Division of Nuclear Medicine, Department of Radiology, New York Presbyterian Hospital, Weill Medical College of Cornell University, New York, New York

PET is a unique form of diagnostic imaging that observes in vivo biologic changes using radiopharmaceuticals that closely mimic endogenous molecules. ¹⁸F-FDG, which allows the evaluation of glucose metabolism, is the most commonly used tracer in oncology because of the practical half-life of ¹⁸F (110 min), compared with other short-lived positron emitters. ¹⁸F-FDG uptake in tumors is proportional to the glycolytic metabolic rate of viable tumor cells indicating the increased metabolic demand of tumors for glucose. ¹⁸F-FDG PET significantly improves the accuracy of imaging tumors in initial staging, management of recurrent cancer, and monitoring of therapy response.

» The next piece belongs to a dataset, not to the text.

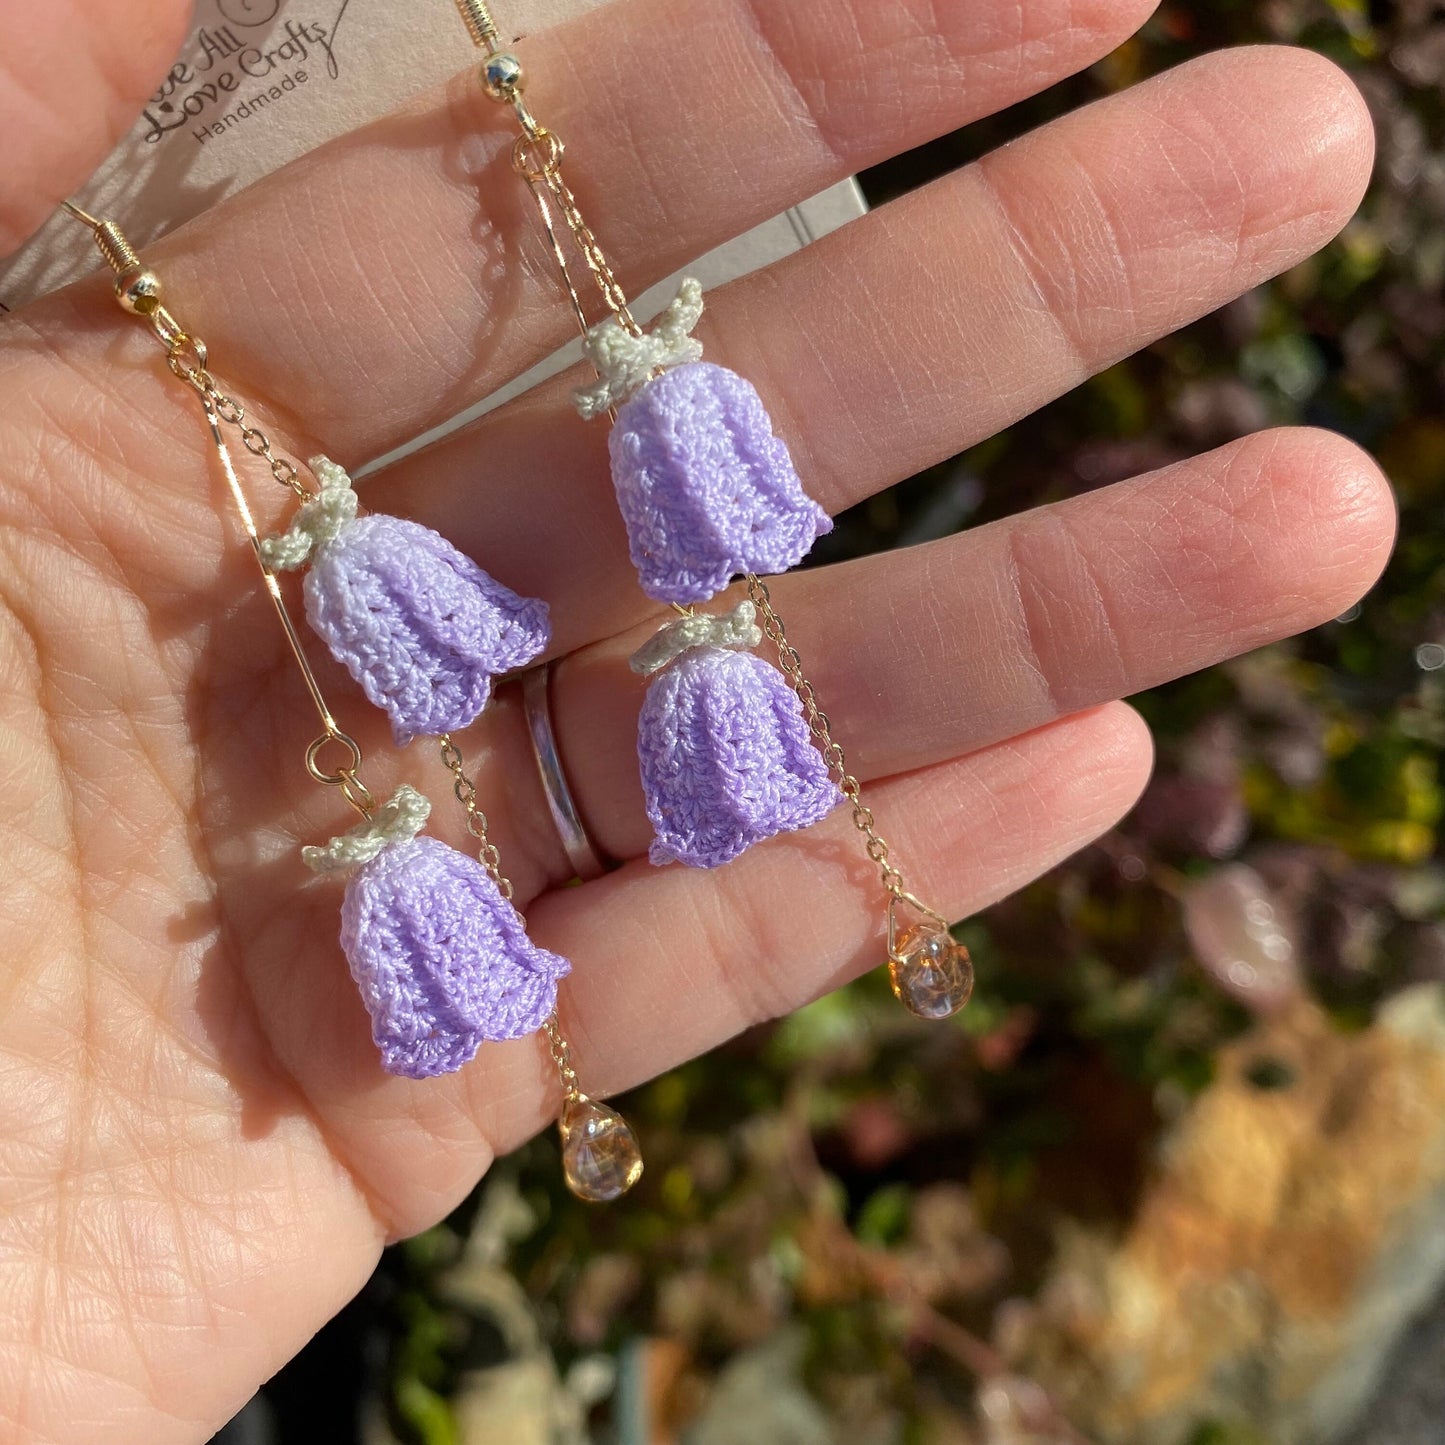 Purple bell shaped clematis flower ring crochet dangle earrings/Microcrochet/925 sterling silver/gift for her/Knitting handmade jewelry
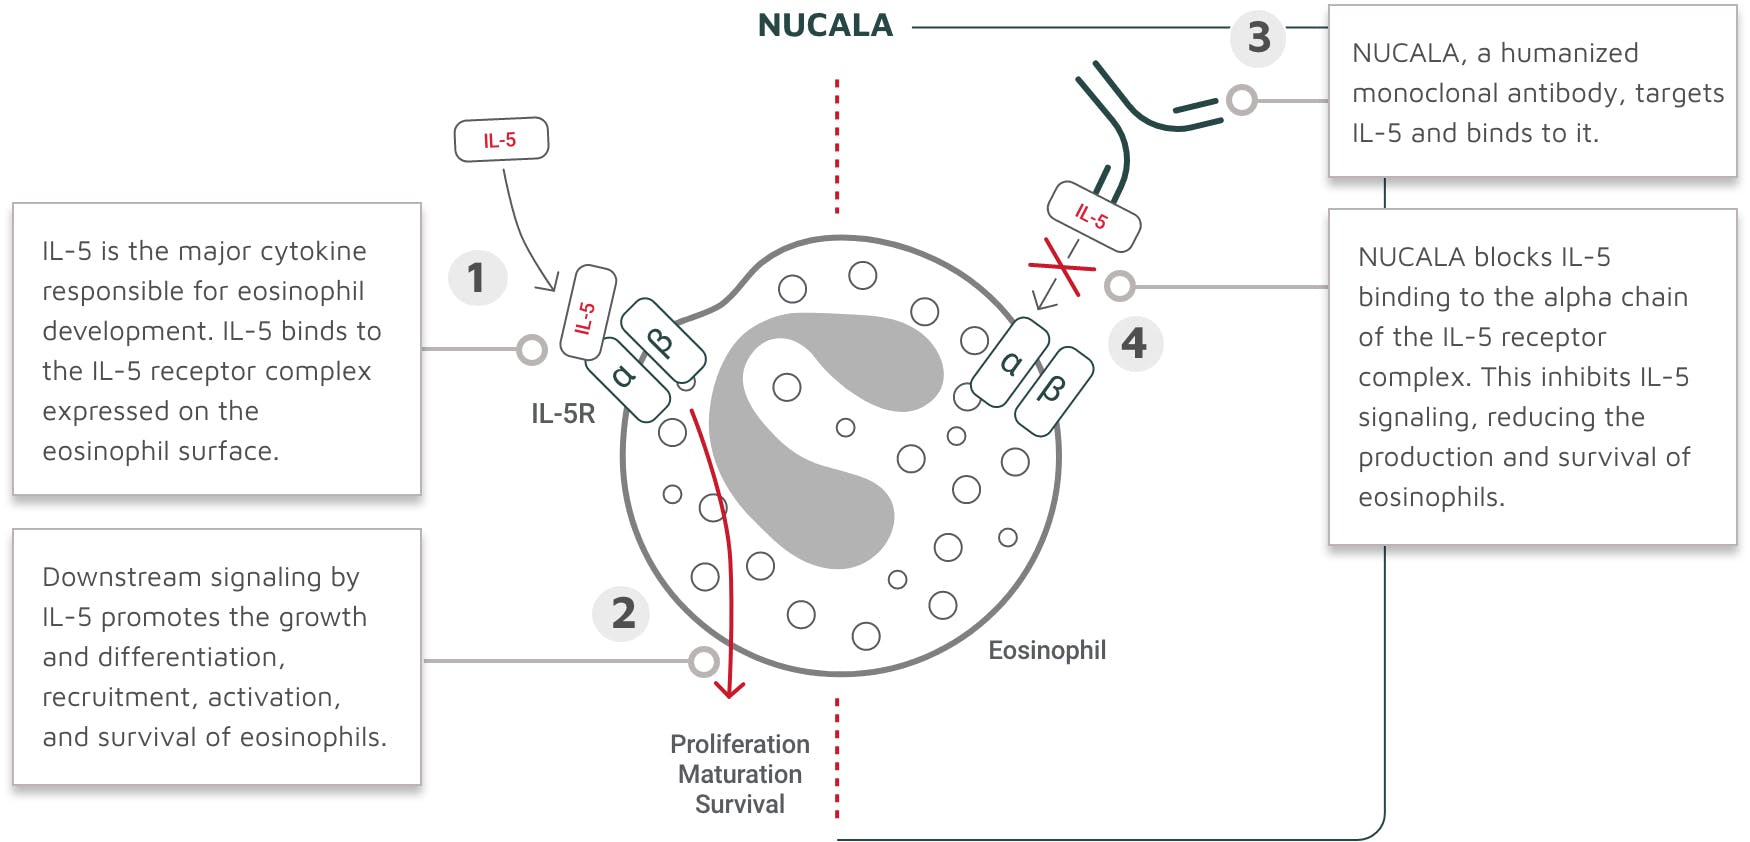 NUCALA mechanism of action diagram

The information provided by this technique is more sensitive and specific than that provided by anatomic imaging modalities. ¹⁸F-FDG PET is particularly superior to CT or MRI in the ability to evaluate the effectiveness of various treatment regimens early during therapy or after therapy. In this review, we discuss the role of ¹⁸F-FDG PET in evaluating the response to therapy and the impact of this information on patient management.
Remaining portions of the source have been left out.